Mike Kinsella (aka Owen) has one hell of a knack with a clever lyric, and that comes to the fore more than ever before on ‘New Leaves’. True, the music is accomplished – pretty but solid, built around strummed acoustic guitars, wandering synth lines, piano and drums which waver between brushed and thumped – but the combination of the lush palette with strikingly literate, cynical, amusing and often jaw-dropping lyrics makes ‘New Leaves’ an absolute revelation.

A pretty guitar figure opens the surprisingly titled Ugly On The Inside as Kinsella opines “the lighting in this room doesn’t do a thing/ for you and your complexion/ I’m sorry but it’s the truth/ you look like the goddamn living dead.” Holy hell.

Elsewhere, on Never Been Born, what starts as a celebration of love making one feel young downshifts to reality in the final verse, finishing on this delightful note: “these old bones don’t feel so old when I’m home with you/ when I’m not with you I’m shitting blood and puking piss/ sweating bile and awkwardness/ it’s a young man’s game and about time I quit”.

Yet somehow, despite (or possibly because of) the imagery, Kinsella’s songs seem totally genuine.

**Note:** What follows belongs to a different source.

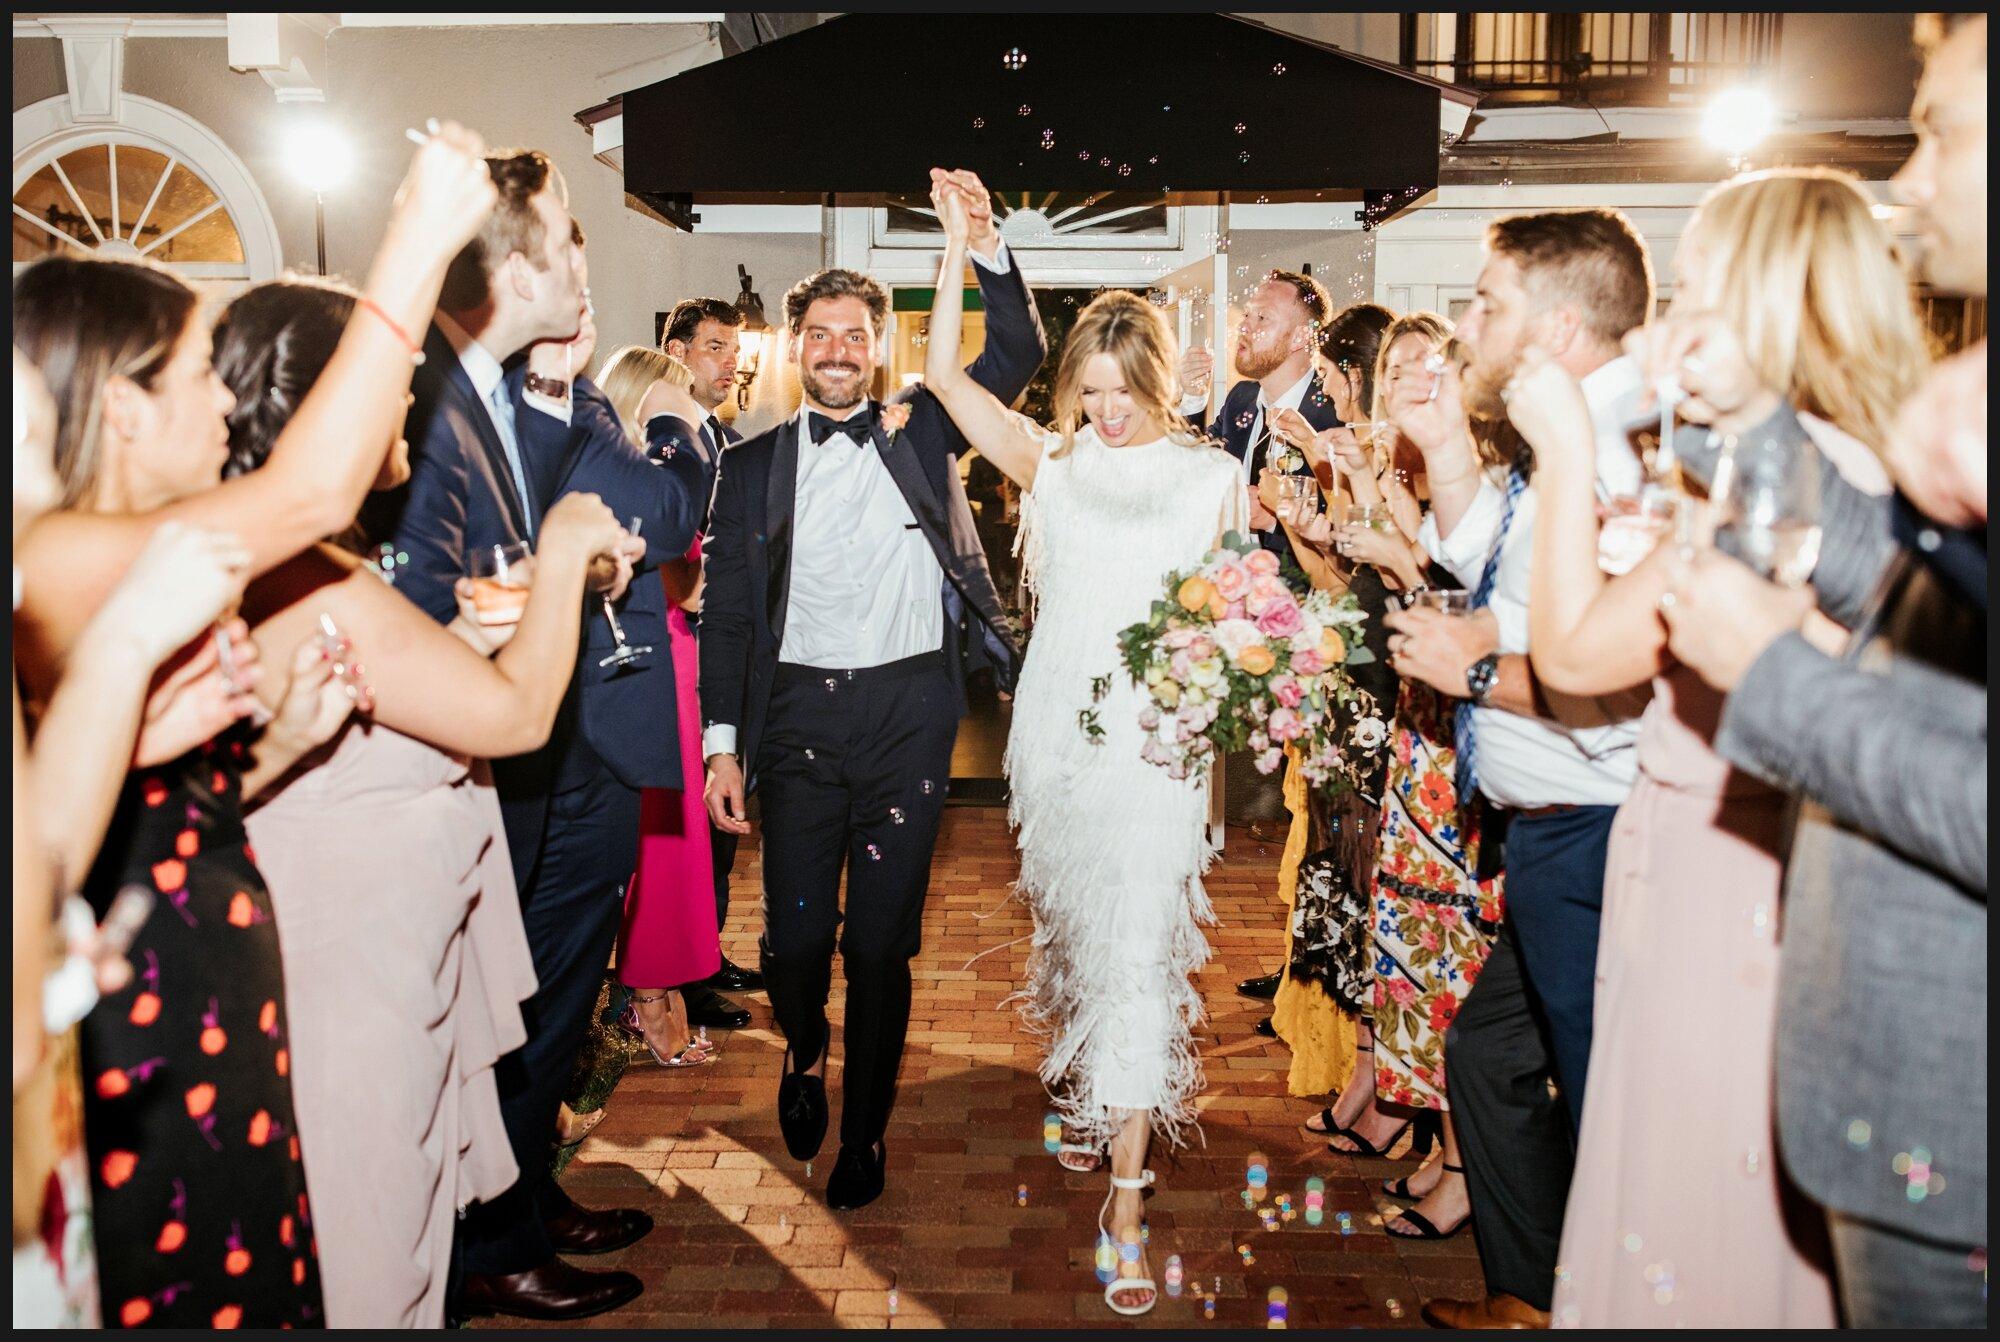 Orlando-Wedding-Photographer-destination-wedding-photographer-florida-wedding-photographer-hawaii-wedding-photographer_0771.jpg

Rather than employing quirkiness for its own sake, the songs on ‘New Leaves’ benefit from their inherent bizarreness in the lyrical department, giving tired themes new life from their juxtaposition. Kinsella’s love of literature is alive and well here too, but rather than being pretentious, it instead seems disarmingly charming when he sings “literary romantics/ they’ll fuck like Wilde and they’ll die like Hemingway” on Good Friends, Bad Habits.

“Disarmingly charming” is quite possibly the best phrase to describe Kinsella and this rather remarkable collection of wonderful songs, but if I were pushed for a few more, I’d probably say “delightful”, “literary” and, above all, “utterly essential”.